All this was to change – so close to the end – for as we began to edge along the eastern margin of the wood on a track called Dolly Gibson’s Lonnen the surfaces deteriorated into a muddy morass. It became increasingly difficult to find secure footing amid the scattered rocks and boards and often I just had to wade through mucky pools. And every time you thought you had cleared the worst of this the gloop returned. Gavan was very frustrated by this section but I tried to cheer him up – “All we need to do is find a path leading off to the left and we will have reached the road to Fenwick.”
Two other thoughts occurred as a consequence of this struggle. I had walked this same route only four years earlier and I was shocked at how much it had deteriorated in this time (you’ve got some work to do, Northumberland County Council). I was also both surprised and gratified that in spite of all this walking in the wet my boots were still dry inside – let’s hear it for Timberland!
At last we did find a path that edged around the top of the wood, passing through several harvested fields and finding at last the tarmac that could take us speedily to Fenwick – already in view. We marched in a final northerly spurt, turning left at a crossroads to find our b&b, a splendid house on the western end of the hamlet. Of course I had spent one unforgettable night in Fenwick in 2011, and I had insisted to our trip organizers that they were not to put us back in this same accommodation again. They had assured me that the old b&b had been sold but that we would be housed elsewhere anyway. (For those who need a reminder of this chapter I can only refer you to the next-to-last day of my walk on the Northumberland Coast Path, elsewhere on this website.)
Now our landlady welcomed us at 5:50 and not surprisingly she added the request that we first store our sticks and then remove our footwear. This was not easy to accomplish without a place to sit down and so I used a perch on the central staircase, managing to dislodge a good deal of mud on the carpet as I did so. I was told not to worry about this and indeed the mess was cleaned up quickly. But when we had climbed to our first floor room I noticed that my walking trousers were leaking mud as well and I had to take them off gingerly in the shower. Gavan had escaped a minor crisis as well. He had evidently forgotten his toilet bag (containing his passport) at our Wooler b&b but our landlady there had spotted this and strapped the object to his carryall.

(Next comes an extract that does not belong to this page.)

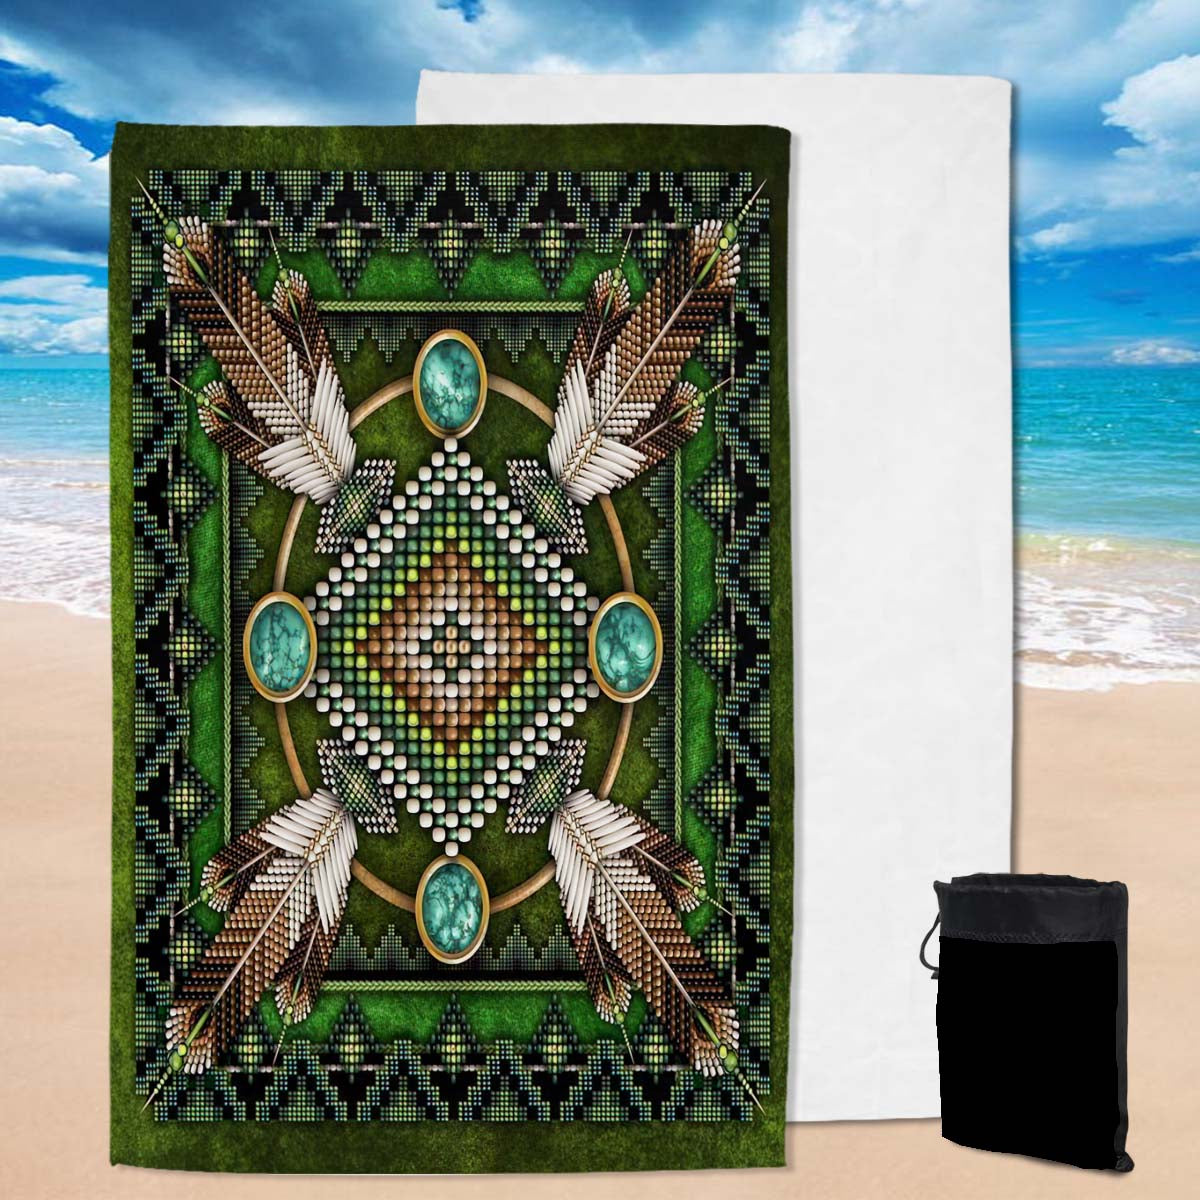 Powwow Store gb nat00023 01 naumaddic arts green native american pool beach towel
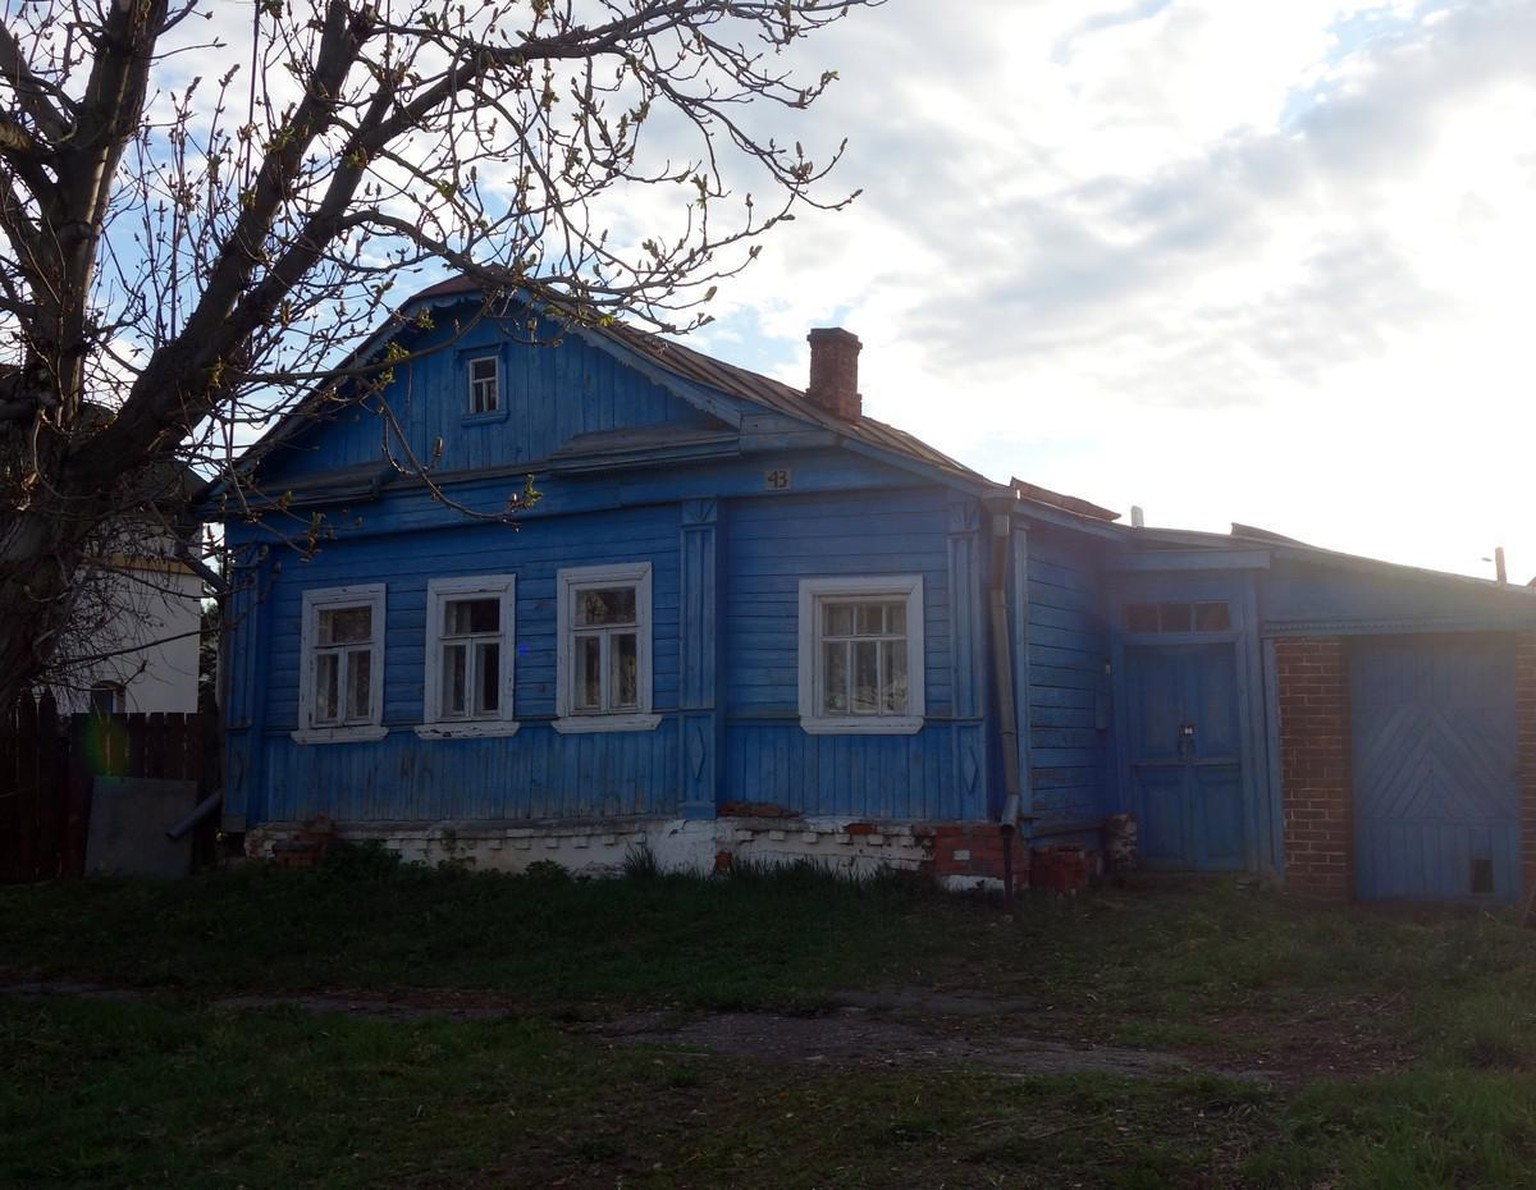 Die demografische Krise trifft die eher ältere ländliche Bevölkerung härter als die urbanen Zentren. In russischen Dörfern gibt es viele verfallene Häuser.

Our present landlady now tried to make a reservation for us with the local pub but at best we were promised only an outdoor table for 7:00. Our landlord drove us to the Lindisfarne Inn in Beale shortly before this hour but Gavan charmed them here into letting us have an indoor table after all. I barely recognized the crowded place – where Tosh and I had dined four years earlier.
I had a bacon-topped burger and chips and the beer was again very welcome. Some of the Broussine family were here as well but I did note that other large groups were turned away. After dessert we called our landlord and he had soon retrieved us. Needless to say we were pretty tired after a strenuous day and we were soon in our welcome beds.